The performance of the ice storage system under the ice making working condition has important influence on the operation performance of the whole system, and simultaneously influences the operation efficiency of the whole system. The traditional ice storage system needs to make ice and store cold under the ice making working condition at the electricity price valley section, under the ice making working condition, in order to obtain ice at 0 ℃ during the ice making operation, the evaporation temperature of a refrigerator is often required to be reduced to below-8 ℃, and the efficiency of the system is obviously reduced due to the reduction of the evaporation temperature, so that the performance Coefficient (COP) of the refrigerator in the ice storage process at night is reduced, and the energy waste is caused.

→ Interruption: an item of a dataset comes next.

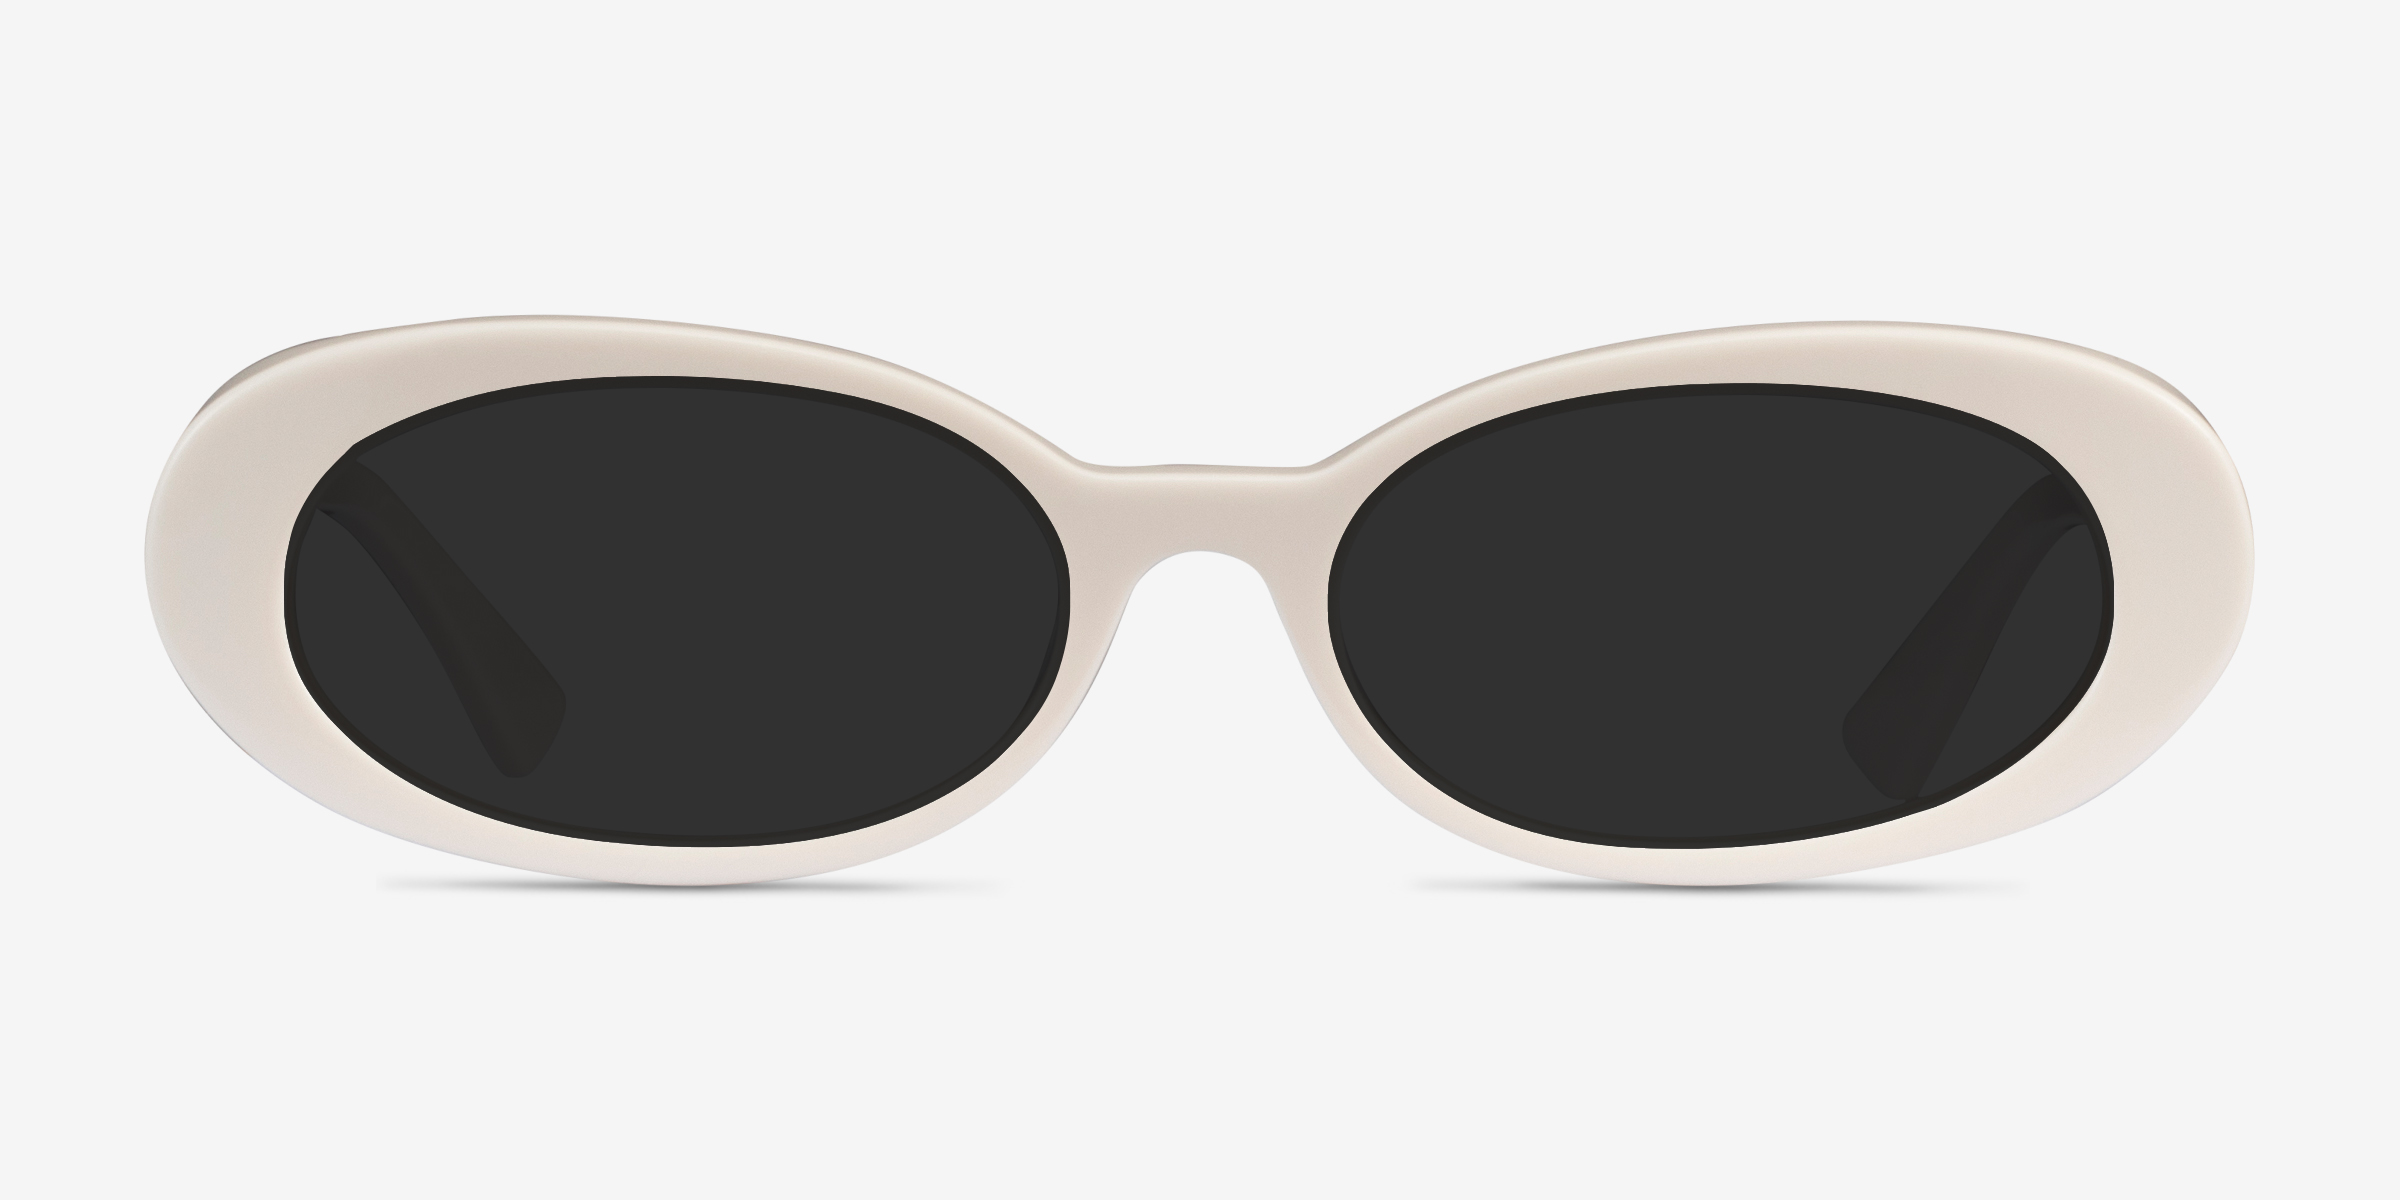 Winona - Oval Beige Frame Sunglasses For Women | Eyebuydirect
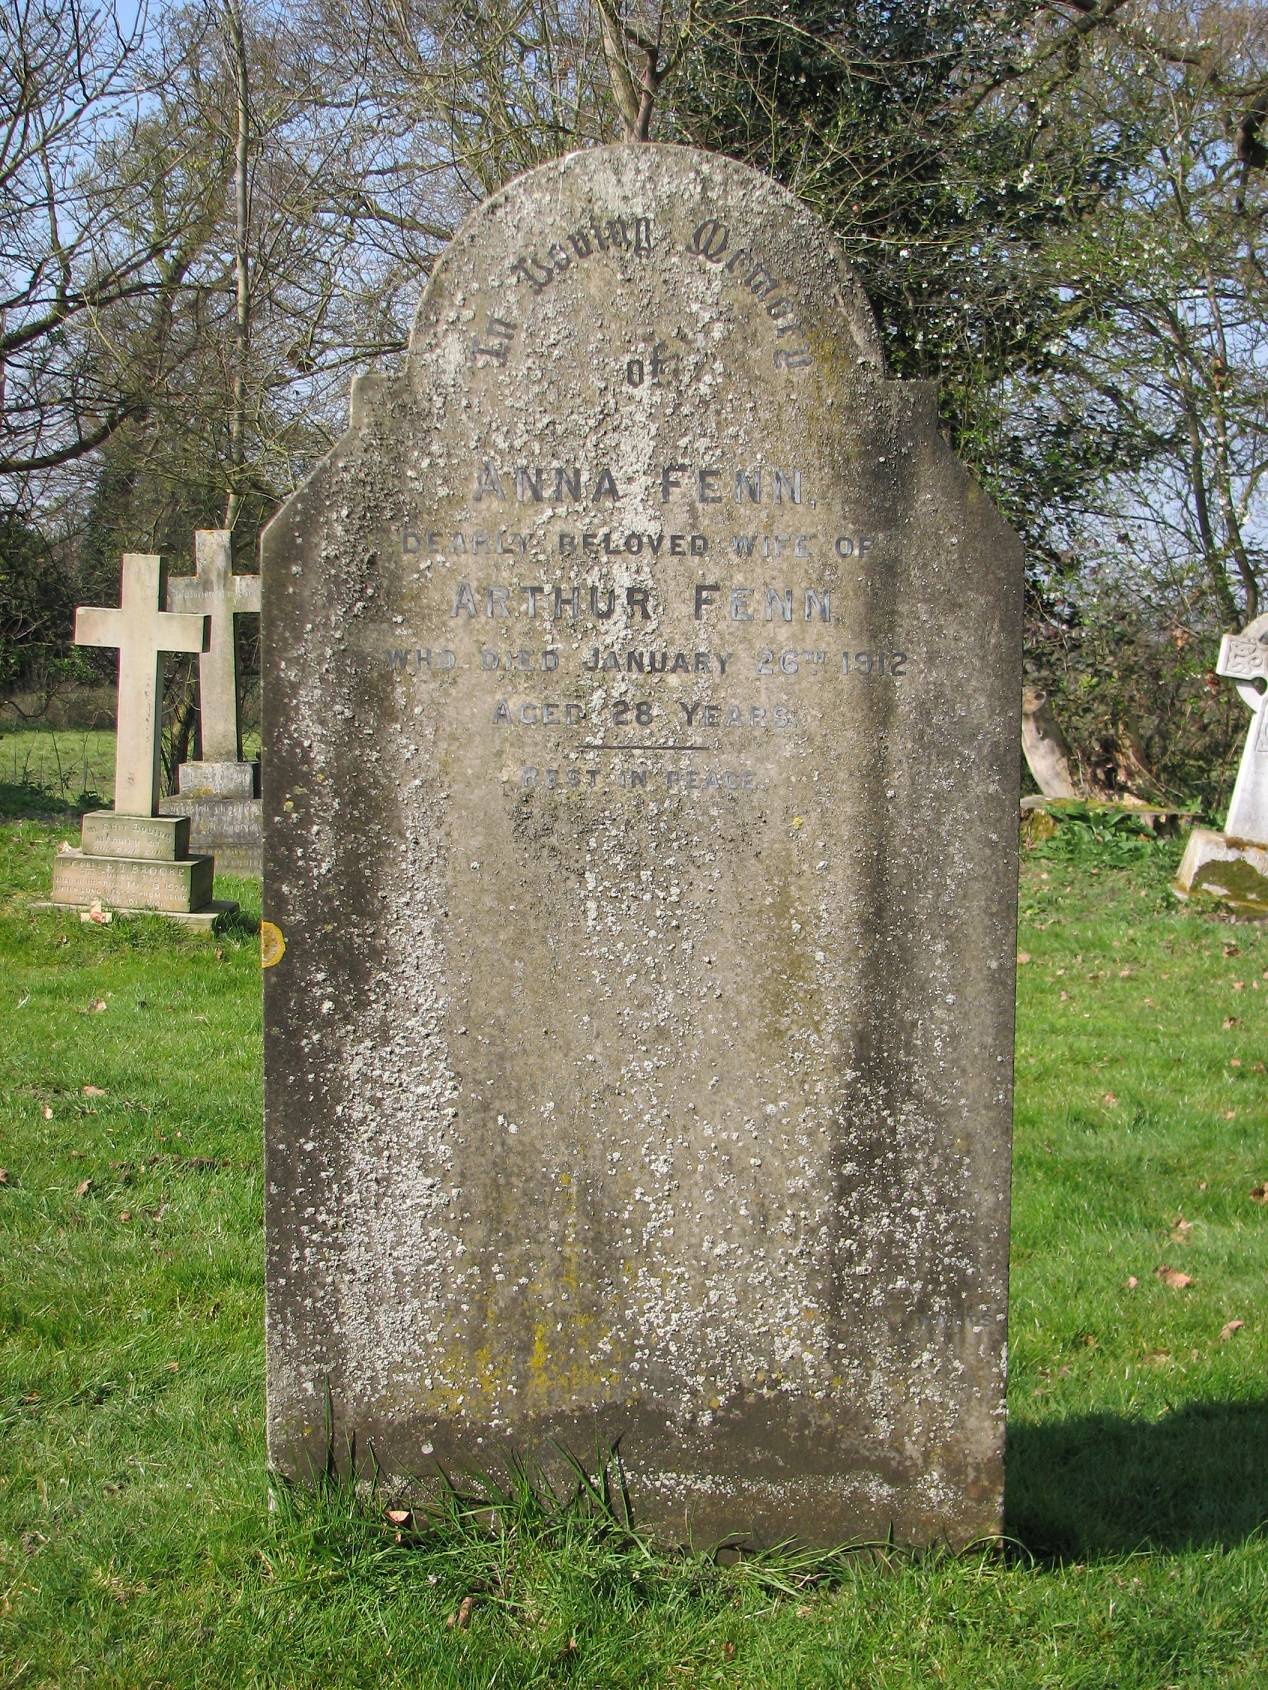 Anne Fenn's gravestone in East Bergholt Cemetery<br>MA

In summary, it is necessary to provide an environmentally friendly and efficient refrigeration system for ice storage system to complete the ice making process.
SUMMERY OF THE UTILITY MODEL
The utility model relates to an overcome ice cold-storage systemThe ice working condition efficiency is lower, and the problems that the ozone layer is damaged by adopting the traditional Freon as the refrigerant and the like are solved, and the novel efficient CO is adopted2The ice storage system for completing the ice making process by the refrigerating system has simple and reasonable design, improves the efficiency of the ice storage system, and has the effects of energy conservation, environmental protection and peak power transfer.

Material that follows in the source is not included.